Your answer should be the lines of the listing that contain the word "speed".

(Available data Opens)

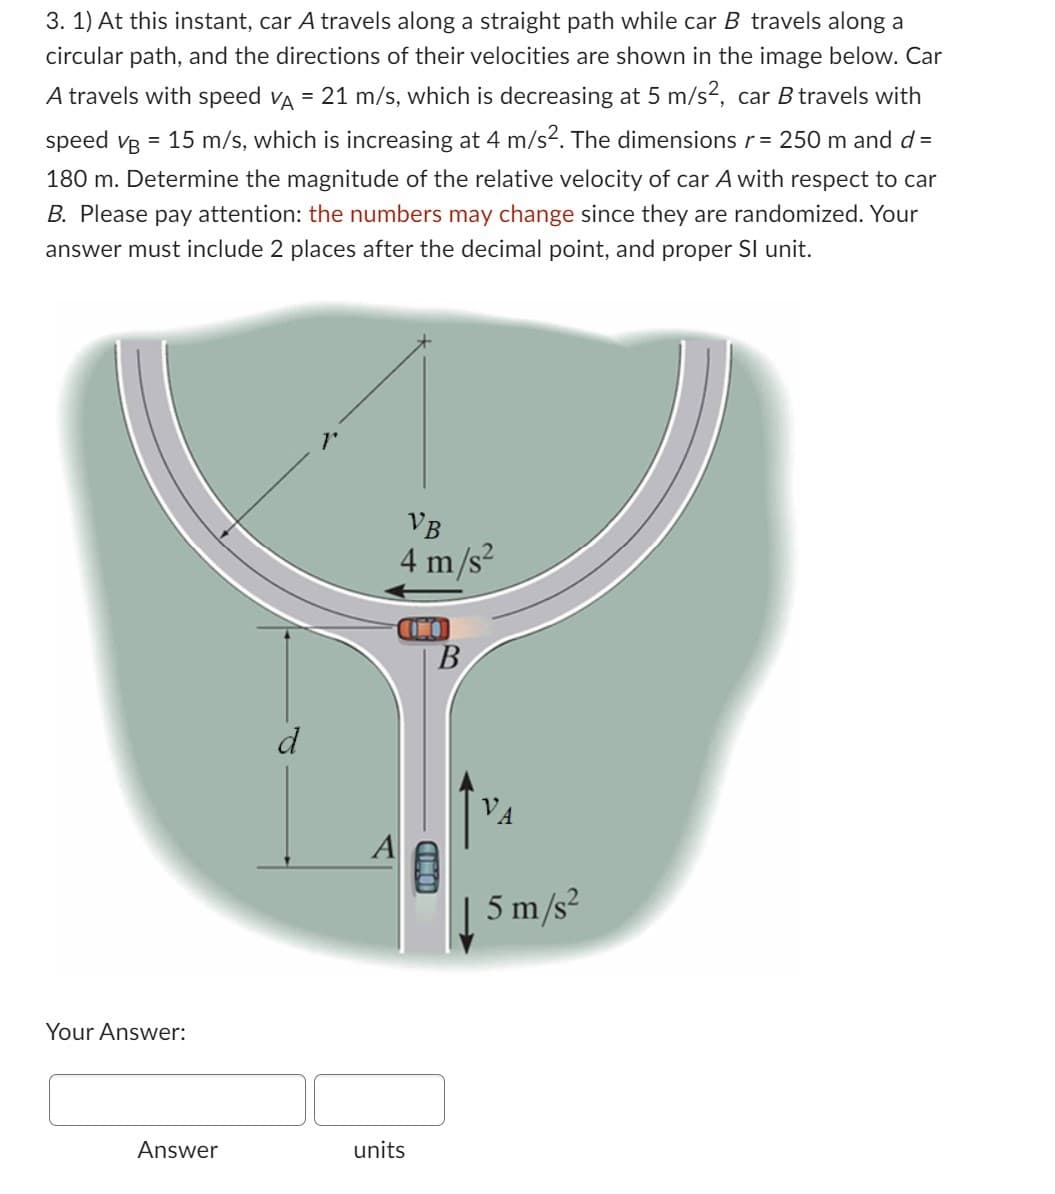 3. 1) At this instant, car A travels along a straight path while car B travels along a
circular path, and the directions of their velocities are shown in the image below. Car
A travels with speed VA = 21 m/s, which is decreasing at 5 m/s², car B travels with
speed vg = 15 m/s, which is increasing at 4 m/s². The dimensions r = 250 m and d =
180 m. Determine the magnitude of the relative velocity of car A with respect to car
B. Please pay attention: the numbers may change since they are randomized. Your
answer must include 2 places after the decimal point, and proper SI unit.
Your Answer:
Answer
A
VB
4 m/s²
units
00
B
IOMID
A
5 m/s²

(Available data Closes)

▶ [Written reply]
A travels with speed VA = 21 m/s, which is decreasing at 5 m/s², car B travels with
speed vg = 15 m/s, which is increasing at 4 m/s². The dimensions r = 250 m and d =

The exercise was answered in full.